Les COP se succèdent chaque année mais l’ONU se veut plus alarmante que jamais : son dernier rapport environnemental fait état d’un réchauffement de la planète compris entre 2,5° et 2,9° avant la fin du siècle, bien au-dessus du seuil à ne pas dépasser fixé par l’accord de Paris en 2015.

Si le président de l’ADEME Sylvain Waserman rappelle que le réchauffement climatique est un « problème mondial », il insiste sur le fait qu’il est possible « d’agir au quotidien et de se mobiliser ».

L’ADEME porte un message d’action mais aussi « d’espoir » car l’objectif de neutralité carbone en France d’ici à 2050 est toujours « atteignable ». « On pourrait baisser les bras […] mais chacun peut contribuer à son niveau » affirme l’ancien député du MoDem.

Agir individuellement en calculant son empreinte carbone

La première étape d’une action individuelle peut consister à se rendre sur le site de l’ADEME pour « évaluer son poids carbone ». Alimentation, déplacements, logement : toutes les potentielles sources d’émissions de gaz à effet de serre sont comptabilisées.

« Ensuite, je crois à la liberté individuelle de chacun de se demander ce qu’il peut faire concrètement » pour diminuer son empreinte carbone. Pour le président de l’ADEME, chaque citoyen est libre de « construire son propre plan d’action » : « je ne crois pas à la logique d’imposer ».

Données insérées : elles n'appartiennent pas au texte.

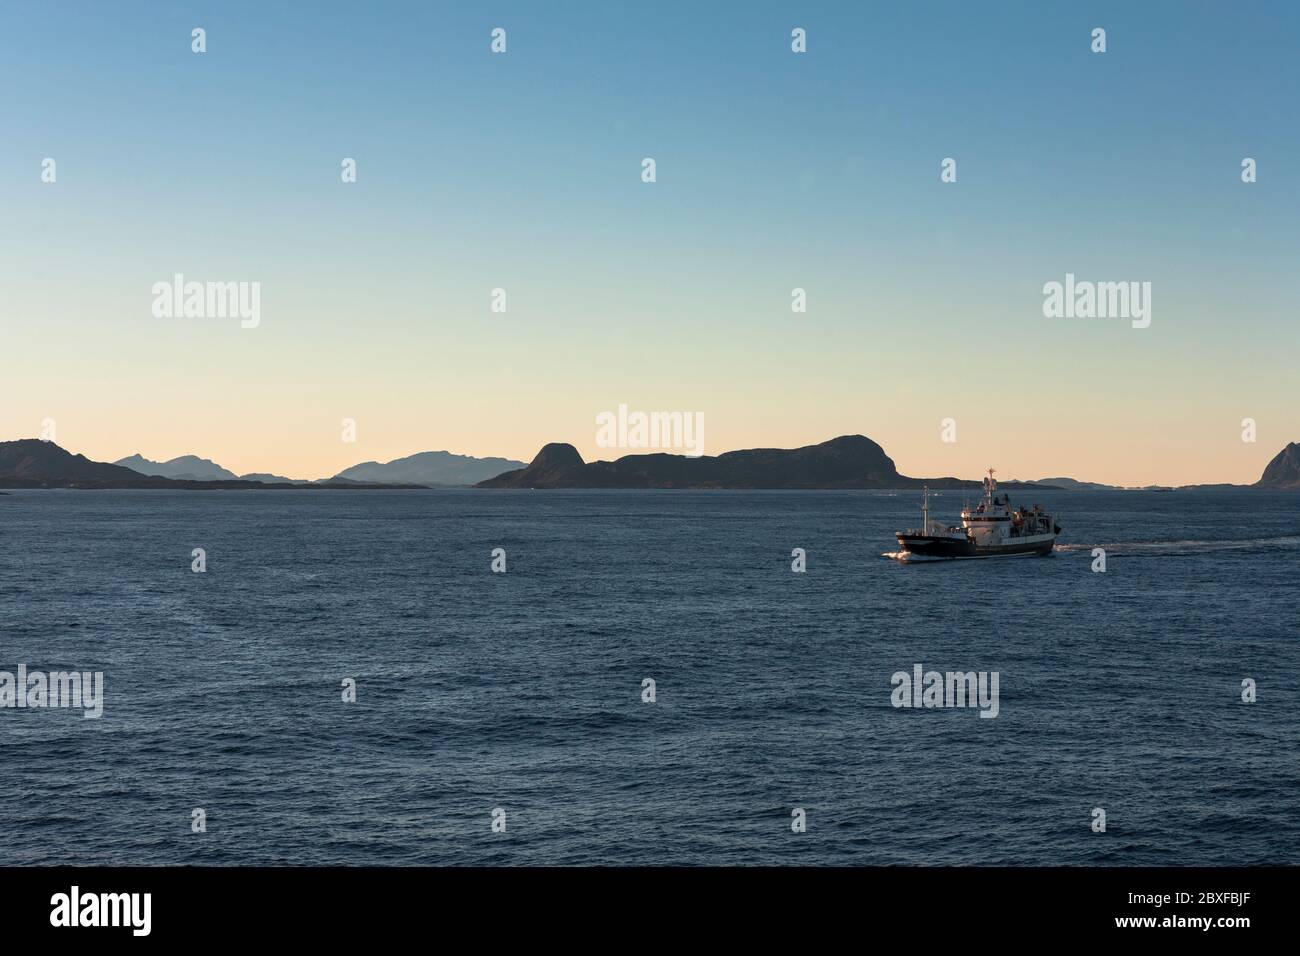 A fishing vessel crosses Smelværosen, Askvoll Municipality, Sogn og Fjordane, Norway Stock Photo

Le spot publicitaire de l’ADEME « s’adresse à l’intelligence des gens »

Il y a une semaine, un spot publicitaire de l’ADEME incitait la population à moins consommer à l’approche de Noël, faisant référence à la « sobriété », une nécessité selon le GIEC qui ne relève cependant pas uniquement des choix individuels. La publicité a suscité une levée de boucliers de la part de plusieurs associations de commerçants.

« Je préférerais toujours un emploi en France qui répare une machine à laver qu’un emploi en Chine qui en fabrique une énième » réagit indirectement Sylvain Waserman. Selon lui, le spot publicitaire ne donne pas d’ordre mais « s’adresse à l’intelligence des gens » : « chacun est libre de faire ses choix ».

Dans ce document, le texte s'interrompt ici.